Avec On the Job (2013), le réalisateur philippin Erik Matti signe un thriller à la fois tendu, stylisé et profondément ancré dans les réalités sociales de son pays. Si je lui ai mis 8/10, c’est parce que le film réussit à conjuguer divertissement et dénonciation sans jamais sacrifier l’un à l’autre. C’est un polar rugueux, imparfait, mais qui ne laisse pas indifférent.

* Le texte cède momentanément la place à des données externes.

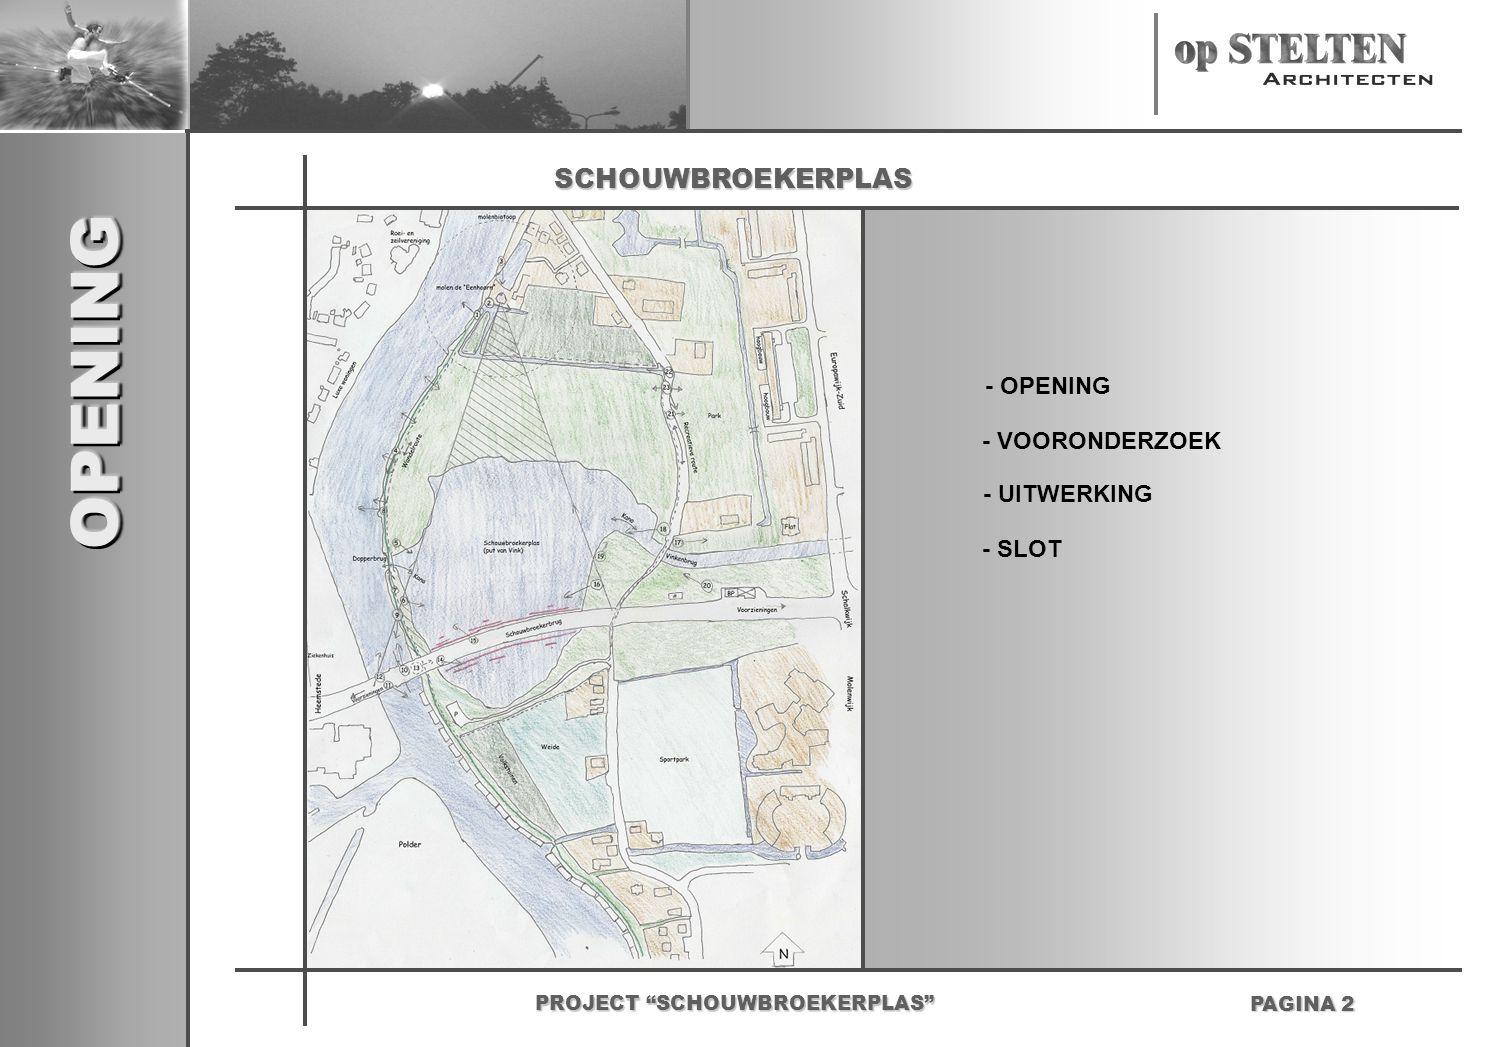 OPENINGOPENING PAGINA 2 - OPENING PROJECT SCHOUWBROEKERPLAS SCHOUWBROEKERPLAS - UITWERKING - VOORONDERZOEK - SLOT

Le pitch a de quoi intriguer : des prisonniers temporairement libérés pour exécuter des meurtres commandités par des figures politiques. Ce scénario, aussi glaçant qu’invraisemblable, est pourtant inspiré de faits réels aux Philippines. Et c’est là que le film frappe fort : il s’appuie sur une réalité sociale tordue pour construire une fiction noire, implacable.
Le système judiciaire corrompu, les politiciens véreux, la police aux ordres... tout cela n’est pas seulement une toile de fond. C’est le cœur du film. Chaque scène semble suinter la tension entre fatalisme et résistance, entre survie et compromission.
La narration repose sur deux arcs parallèles. D’un côté, un duo de tueurs : Tatang, vétéran expérimenté, et Daniel, son jeune protégé. De l’autre, Francis, un enquêteur ambitieux bien décidé à faire éclater la vérité.
Le film joue habilement sur ce contraste, mais il faut reconnaître que le binôme des tueurs crève davantage l’écran. Plus complexes, plus ambigus, ils portent la dimension humaine du film avec une intensité rare. Le personnage de Francis, lui, souffre parfois d’un traitement plus classique — sans être inintéressant pour autant.
L’esthétique du film mérite aussi d’être saluée. La caméra d’Erik Matti colle aux bas-fonds de Manille, capte l’agitation urbaine, les regards fuyants, la violence tapie à chaque coin de rue. Le film est nerveux, brutal, mais jamais gratuit. Les scènes d’action sont percutantes, tendues, toujours au service de la tension dramatique.
La musique et le montage contribuent à cette atmosphère suffocante, même si quelques transitions peuvent sembler abruptes. Mais dans l’ensemble, le rythme tient en haleine.
Côté casting, Joel Torre (Tatang) livre une performance mémorable : froide, mais teintée d’une humanité inattendue. Piolo Pascual, dans le rôle de l’enquêteur, s’en sort très bien, même s’il est un peu éclipsé par la puissance du duo criminel.
L’une des grandes forces du film, c’est justement de ne jamais juger ses personnages. Tous sont pris dans une mécanique infernale, et chacun tente d’y survivre avec ses propres armes. C’est cette lucidité morale qui rend On the Job si percutant.
On the Job ne révolutionne pas le genre, mais il en repousse les limites en injectant une profondeur sociale et politique rare. Quelques déséquilibres narratifs l’empêchent d’atteindre l’excellence, mais son efficacité, sa tension constante et son propos engagé en font un film à ne pas manquer.
À la fois thriller haletant et miroir d’un système gangréné, c’est un film qui dérange, questionne, et reste en tête bien après le générique.